» **Task requirements**:
Restate, word for word and with no pictures, the stretch of lines in the data below that begins at the line with "War Hospital – X-ray" and ends at the line with "Growing Red Blackberries", inclusive.

» **Material supplied**:
□ □ □ □ □ □ □

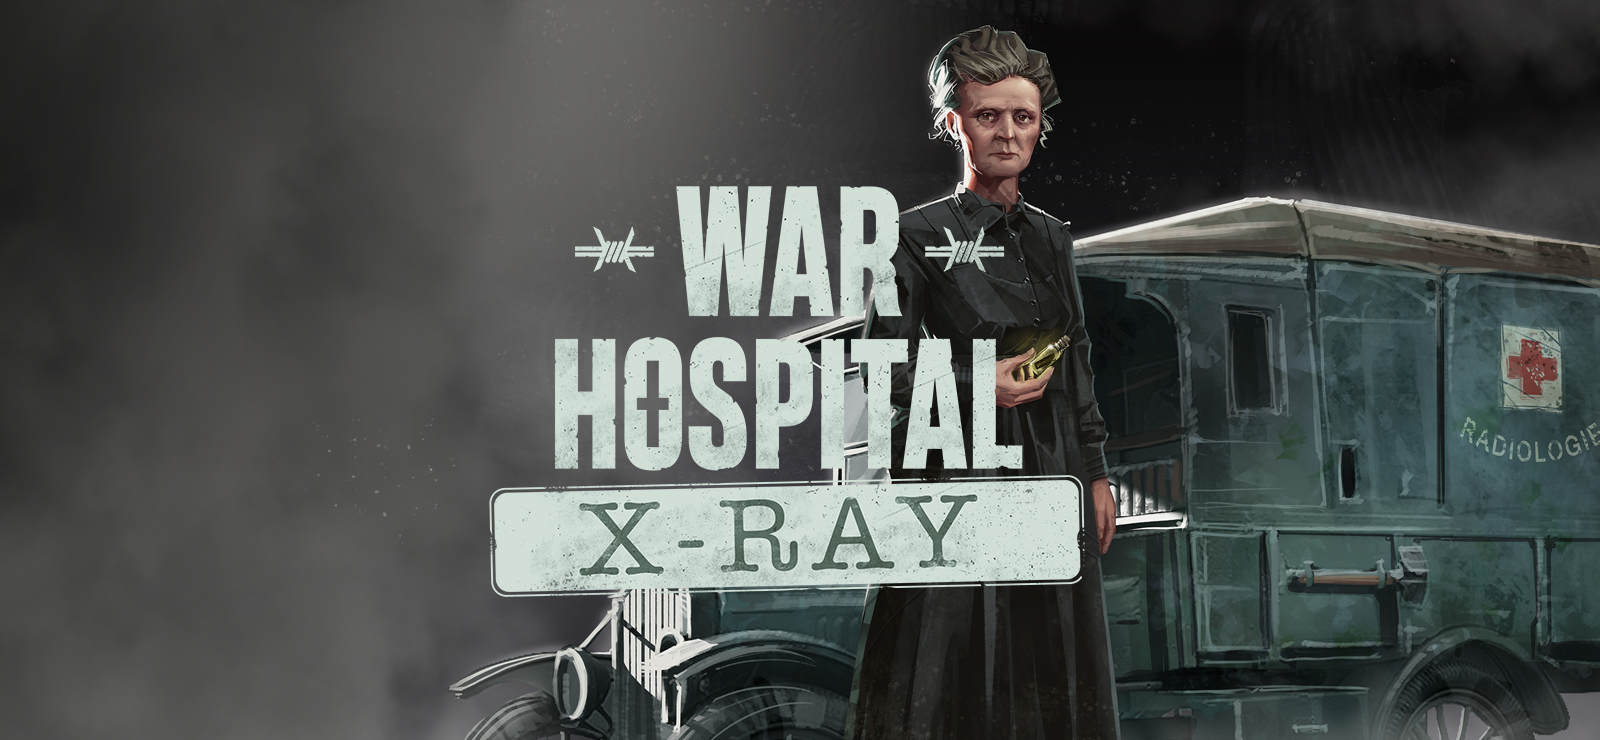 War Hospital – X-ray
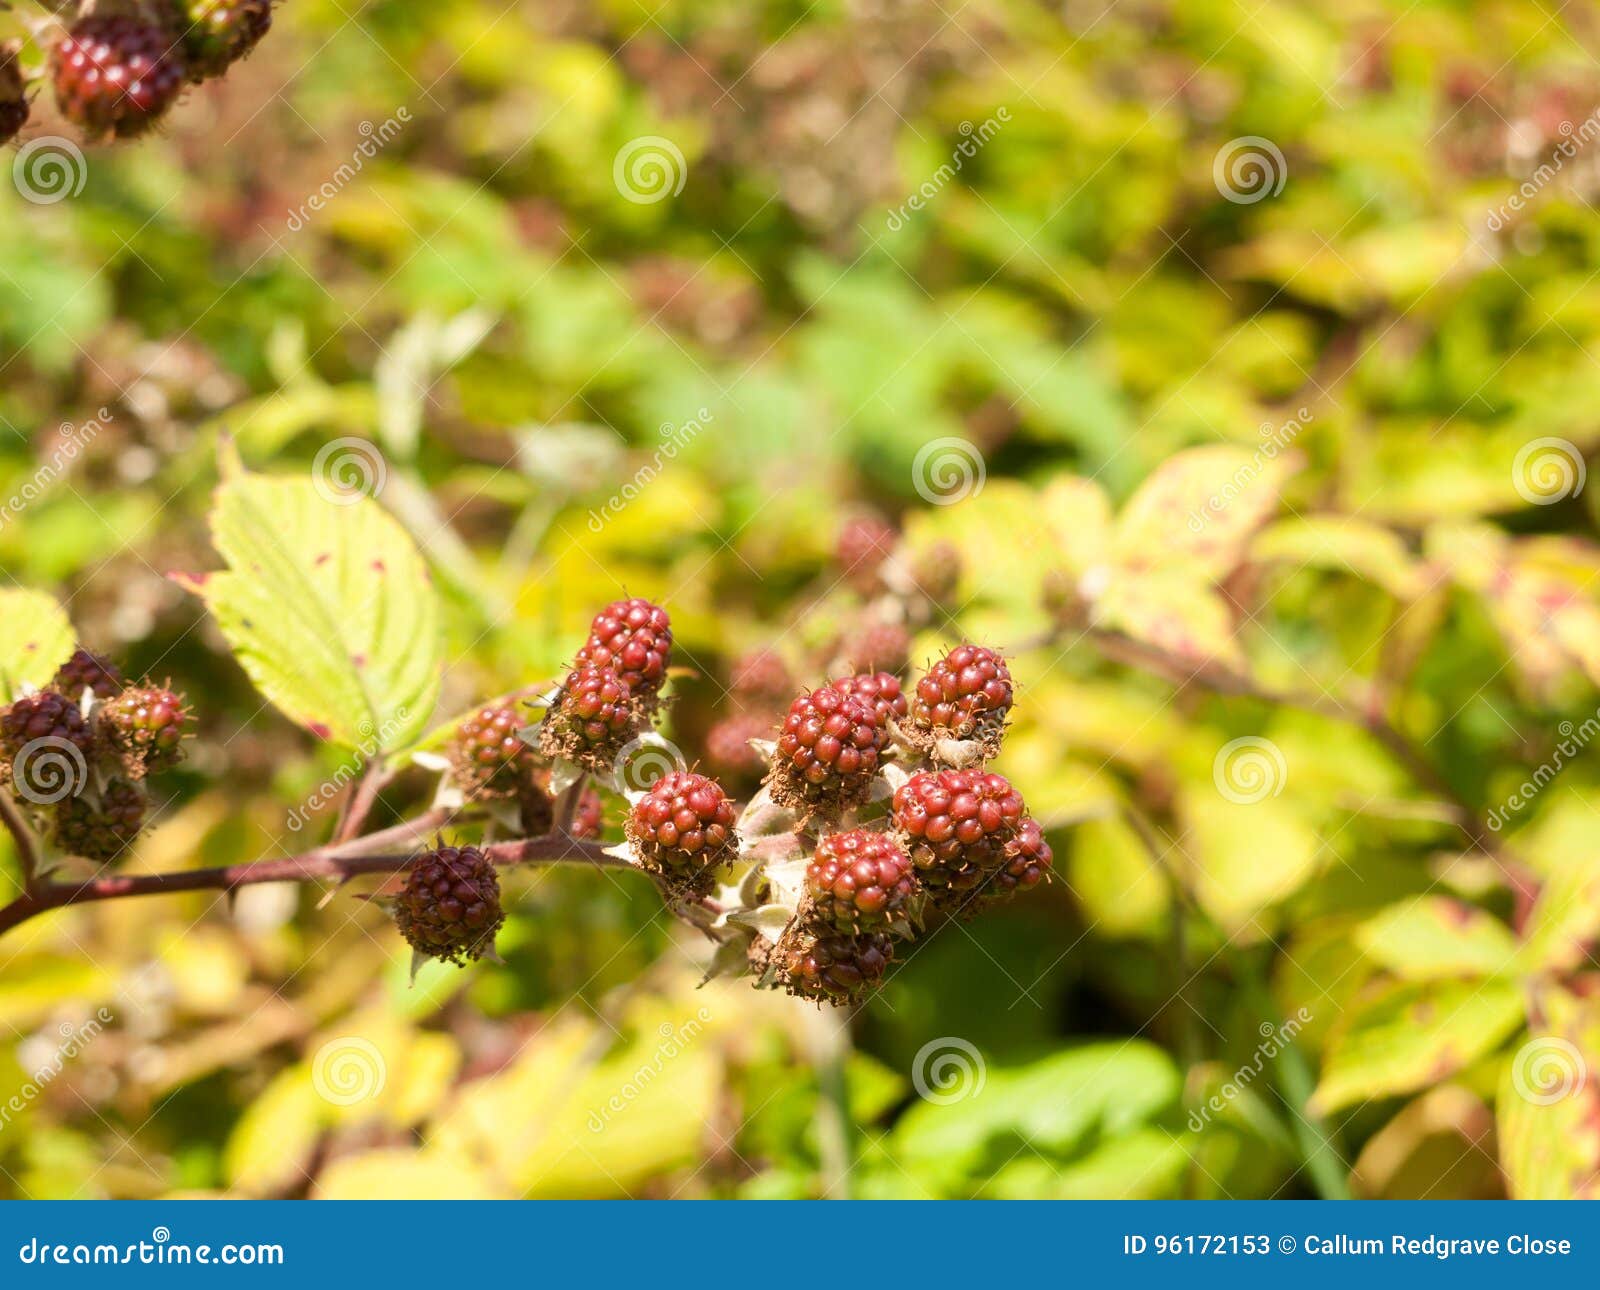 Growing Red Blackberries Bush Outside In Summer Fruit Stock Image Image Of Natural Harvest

□ □ □ □ □ □ □

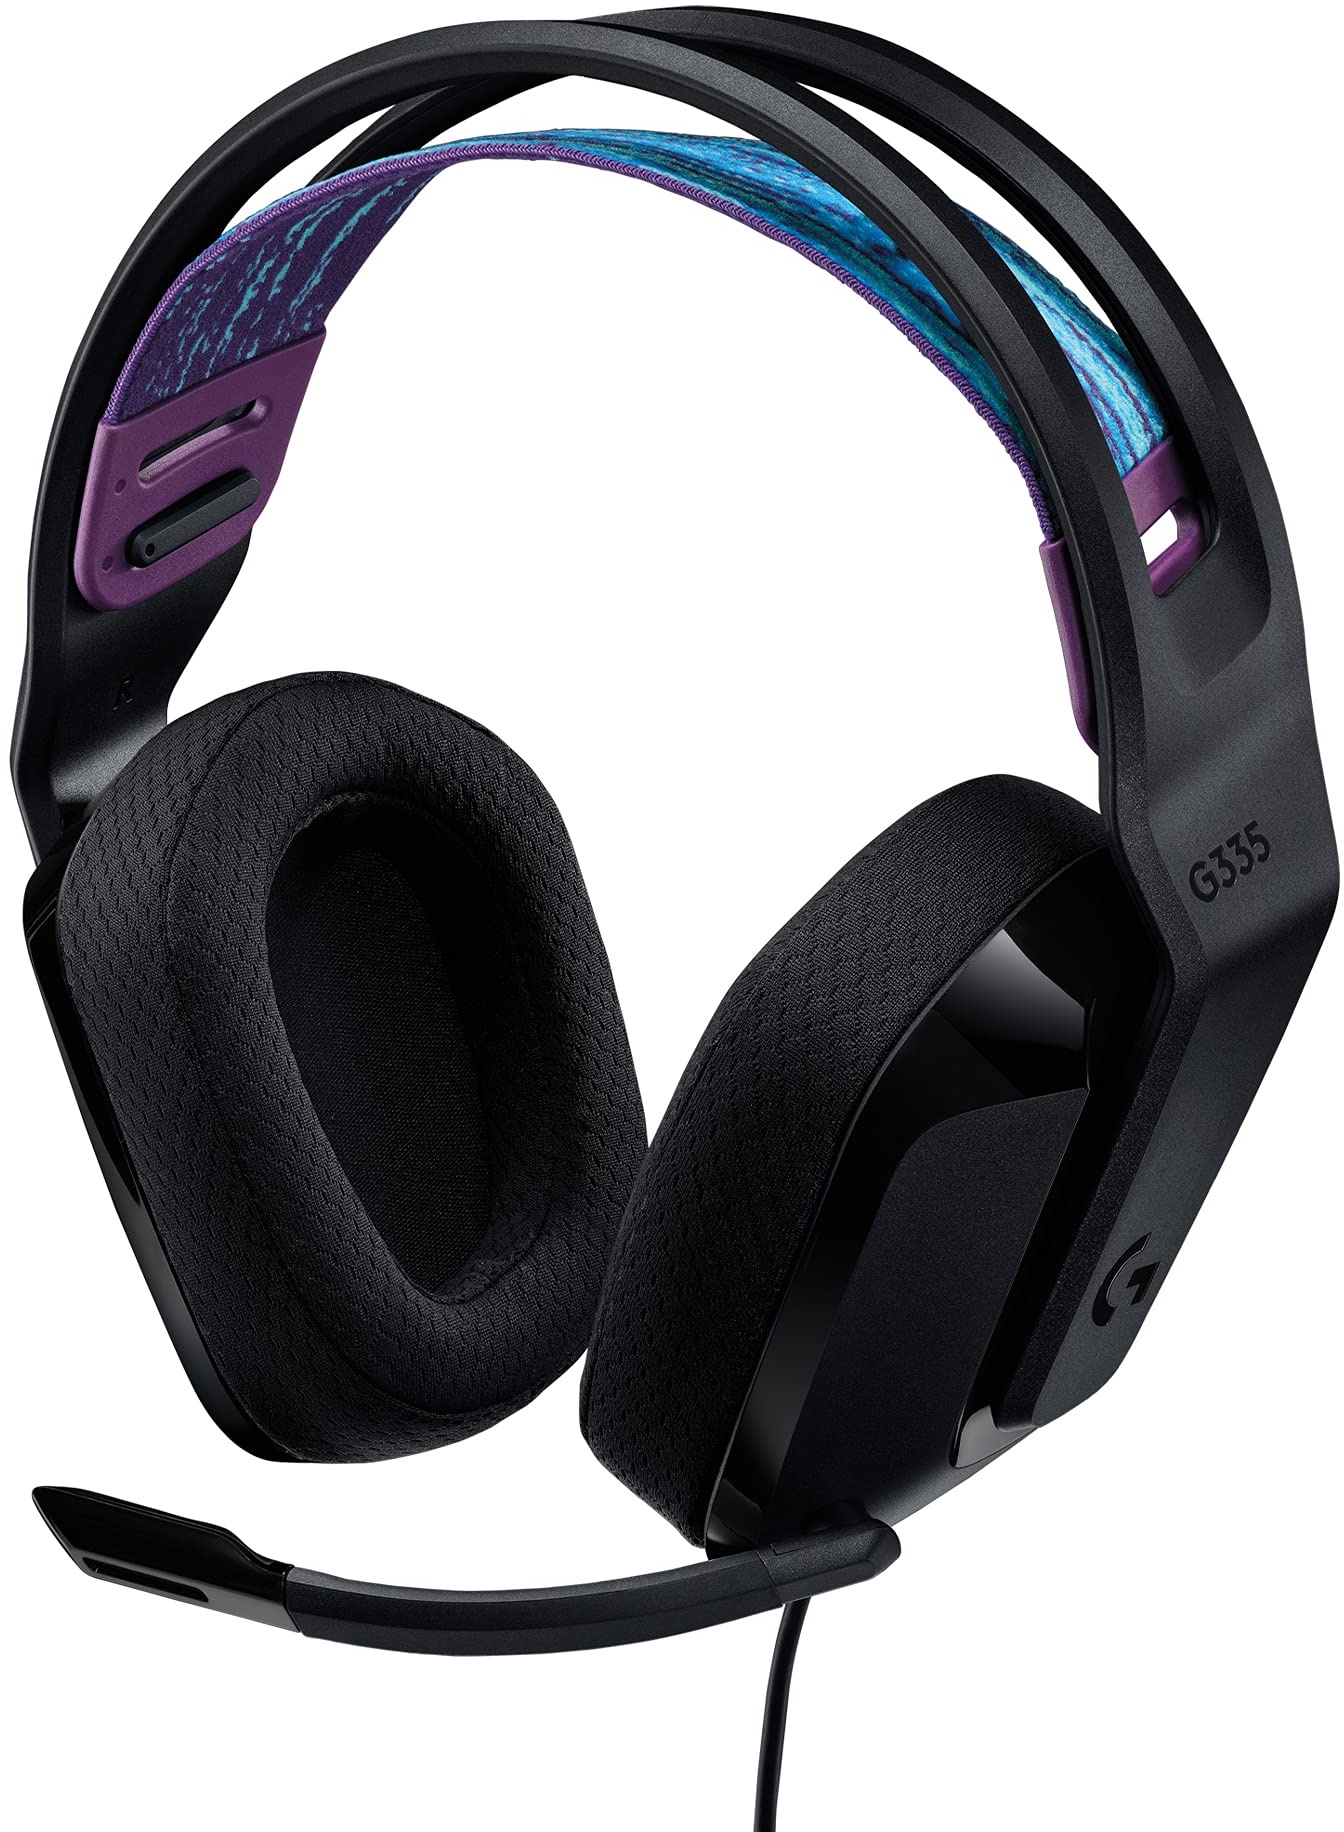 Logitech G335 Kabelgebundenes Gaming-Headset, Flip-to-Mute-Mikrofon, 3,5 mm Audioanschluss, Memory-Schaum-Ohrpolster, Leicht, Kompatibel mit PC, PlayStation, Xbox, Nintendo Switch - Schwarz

□ □ □ □ □ □ □

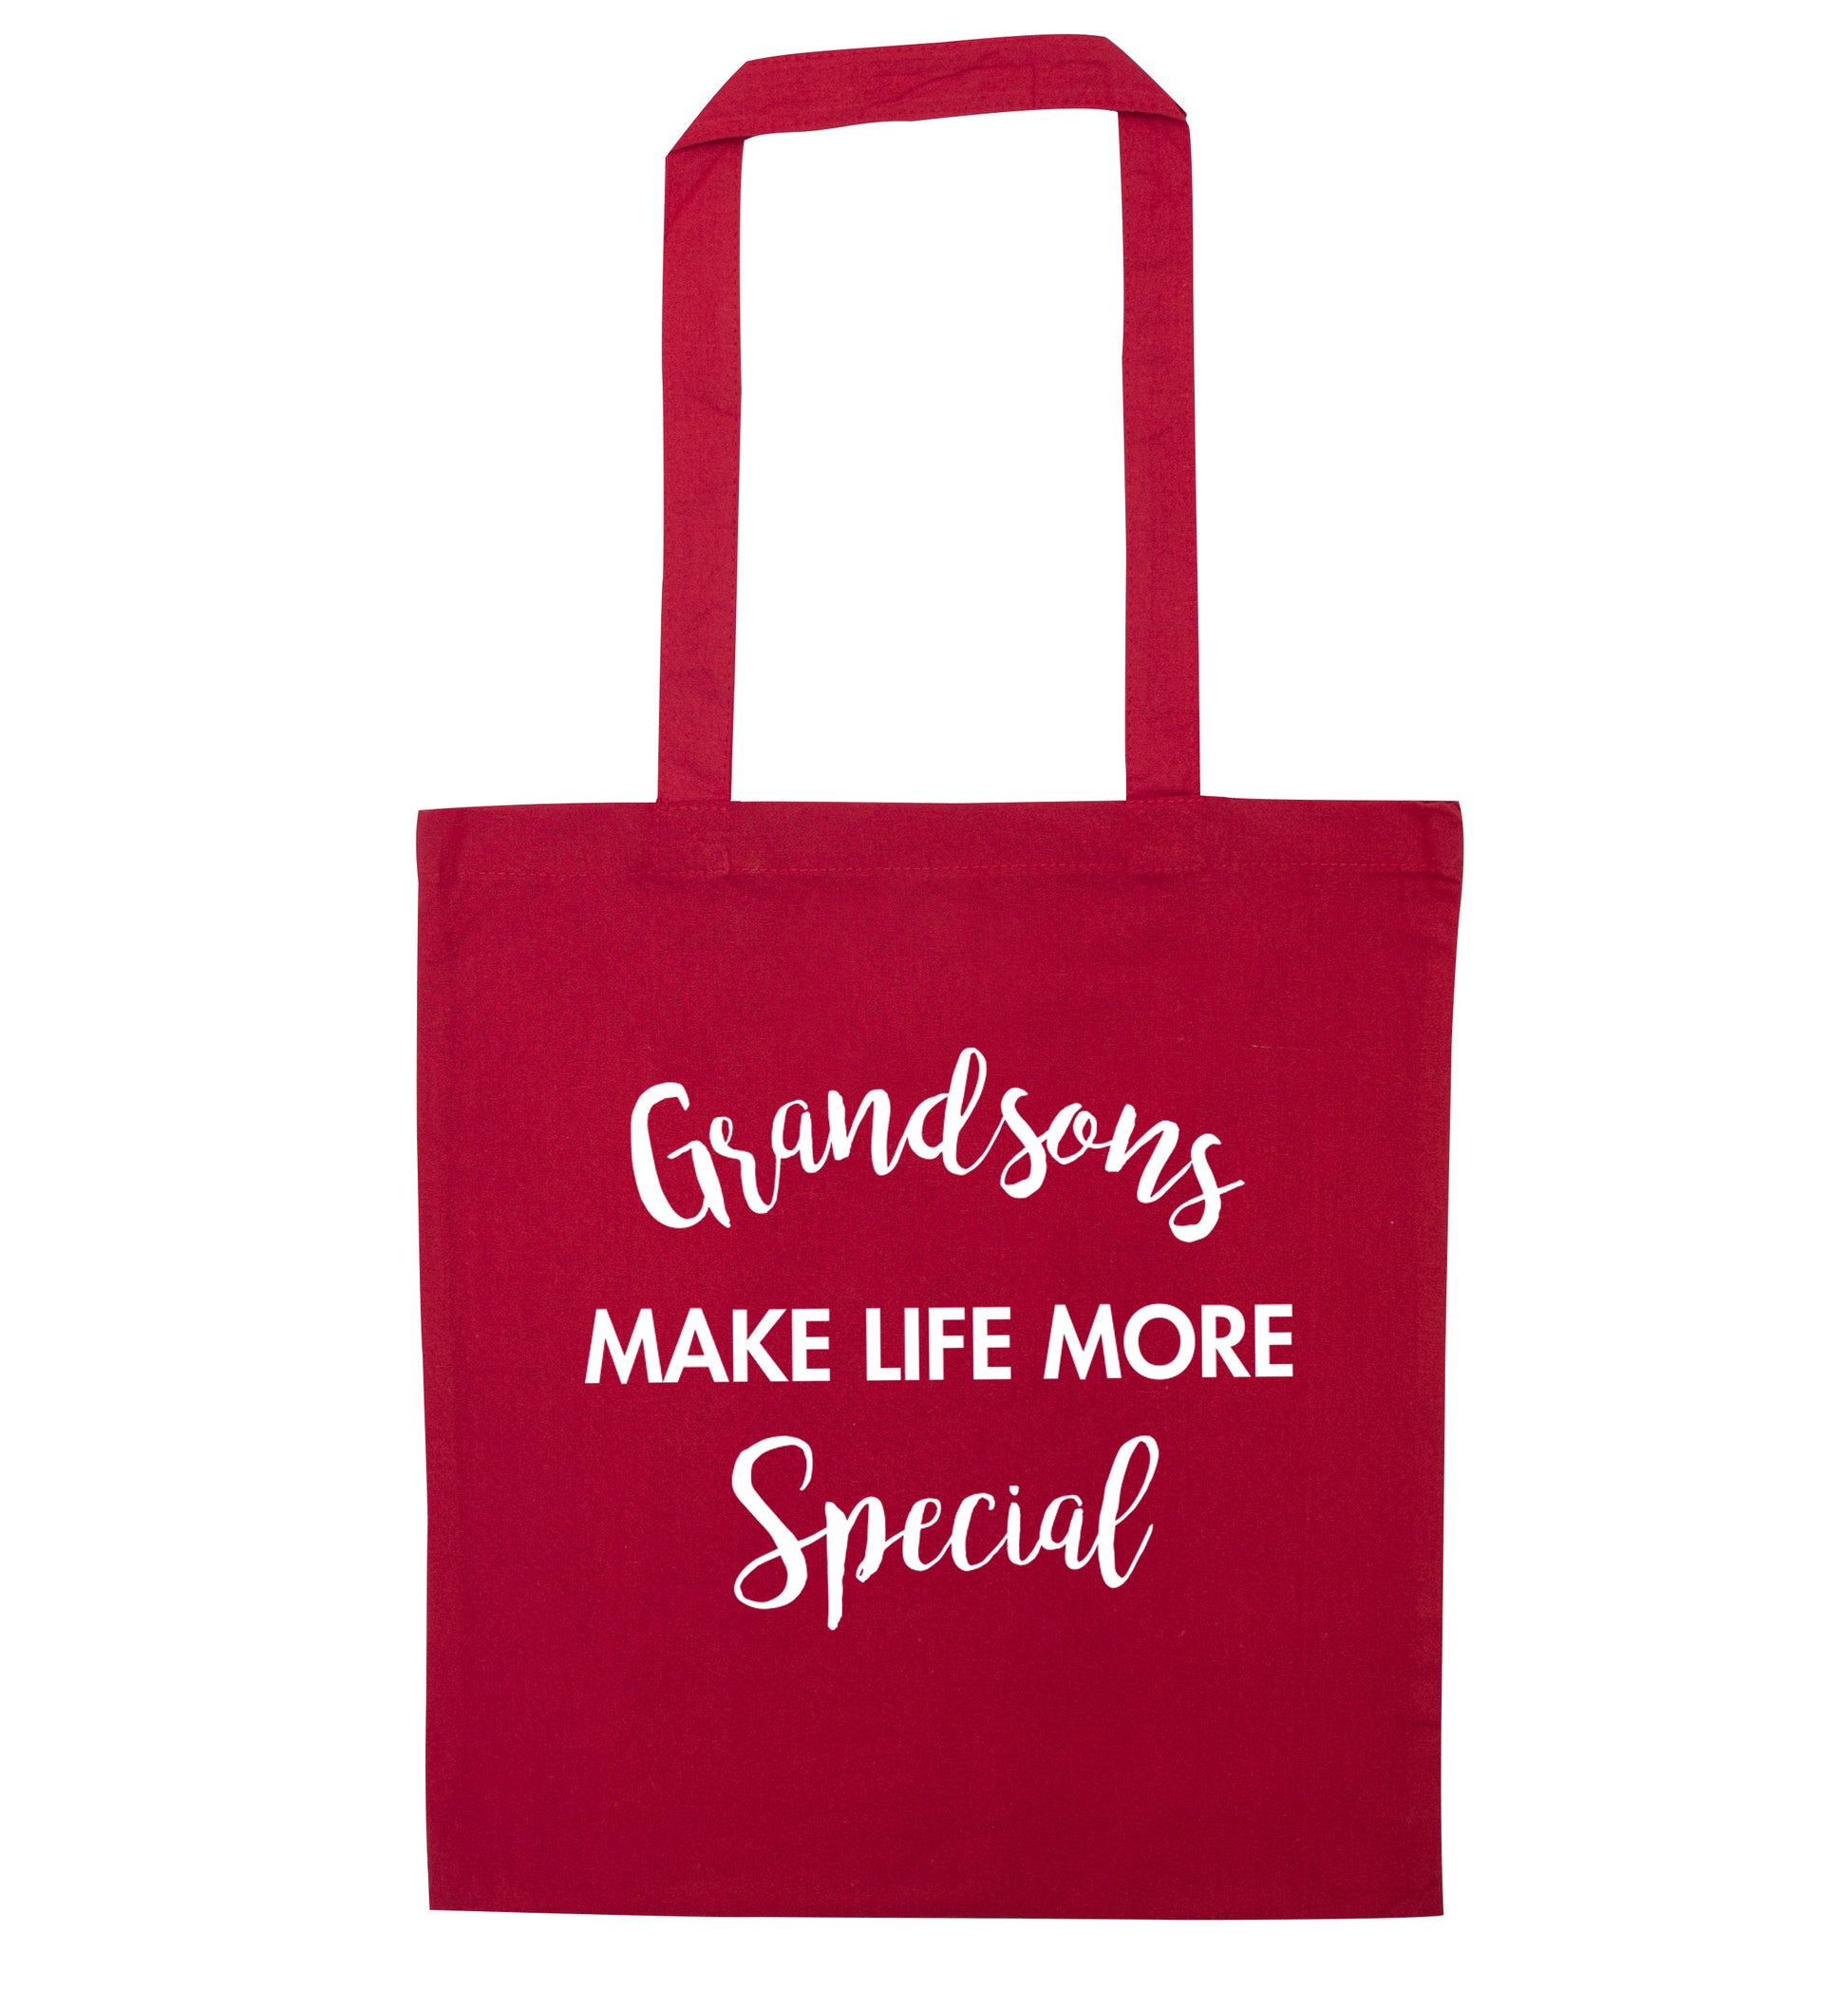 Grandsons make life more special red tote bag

□ □ □ □ □ □ □

» **Task solution**:
 War Hospital – X-ray
 Growing Red Blackberries Bush Outside In Summer Fruit Stock Image Image Of Natural Harvest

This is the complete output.